# Ezekiel bread question



## homemademom (Sep 25, 2009)

So, I was thinking today about Ezekiel bread and how you're not supposed to defrost it before eating because it kills all the good nutrients or something like that. But what about the baking process it goes through to become bread? Does the heat not hurt the sprouts? Also, what about if I toast my bread after taking it out of the freezer? Is that ruining all of it's sprouted goodness? Just wondering.


----------



## sunnysandiegan (Mar 5, 2008)

I have never heard about not defrosting it. I take it from the freezer and pop it in the toaster oven for toasting, then I spread coconut oil on it and eat it. YUM!

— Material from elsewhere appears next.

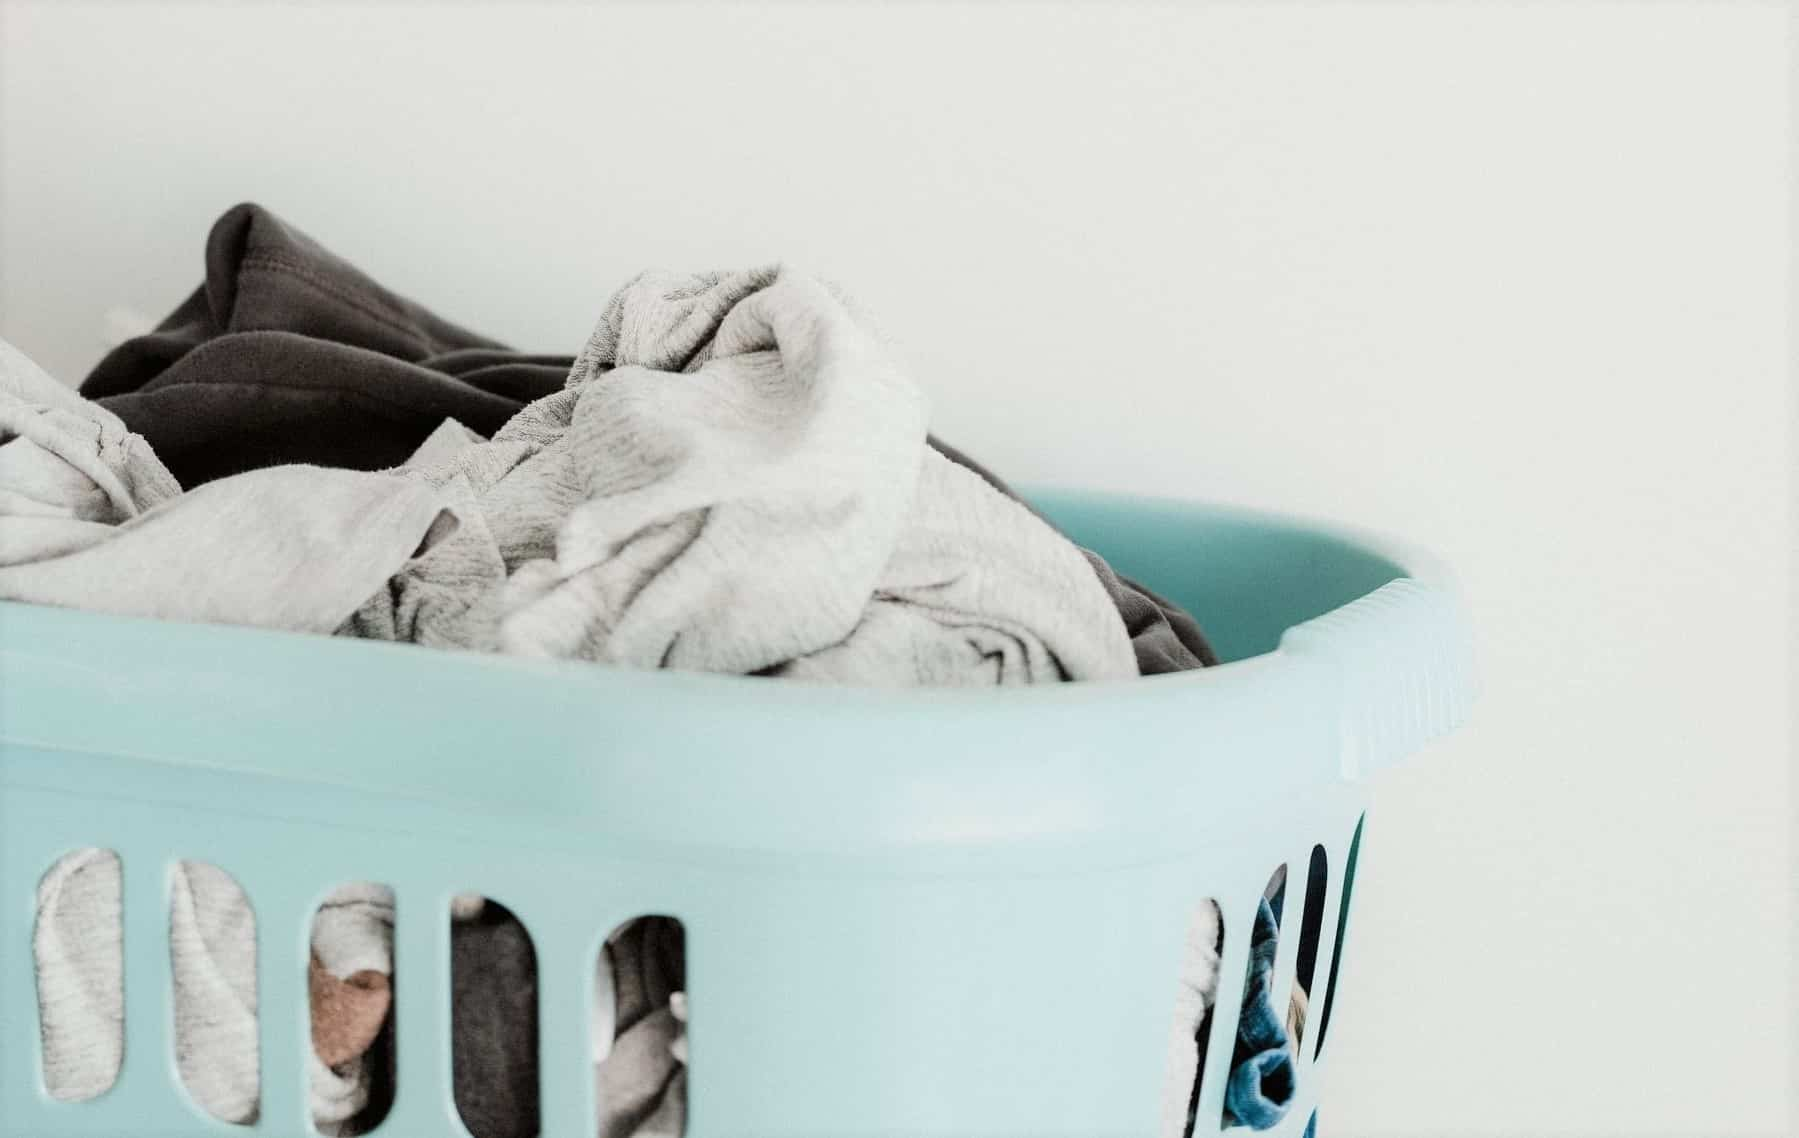 Los españoles ha visto aumentada su carga de tareas domésticas desde el inicio del confinamiento 6

Not defrosting it ever would not make any sense. You don't eat it frozen...


----------



## treeoflife3 (Nov 14, 2008)

Well.. I don't eat frozen bread and I love toast so... the bread will just have to deal with me defrosting it and even toasting it sometimes 

at any rate, defrosted and toasted sprouted bread can't be less nutritional than white bread or 'wheat' bread so I figure who cares? Besides, ezekiel bread is the only healthy bread I actually like the flavor of. I was a die hard white bread fan and couldn't eat 'wheat' much less multi grain (which tastes like dirt to me) but Ezekiel is super nummy


----------



## staceychev (Mar 5, 2005)

I've never heard that. I always assumed it was frozen because it would go rancid quickly otherwise. I buy it and move a loaf into the fridge when we're ready to use it.


----------



## homemademom (Sep 25, 2009)

LOL, no I know you don't eat it frozen, I was just wondering if all the "sprouting" talk was just overblown. There's no way I'm *not* toasting it. It's just so yummy


----------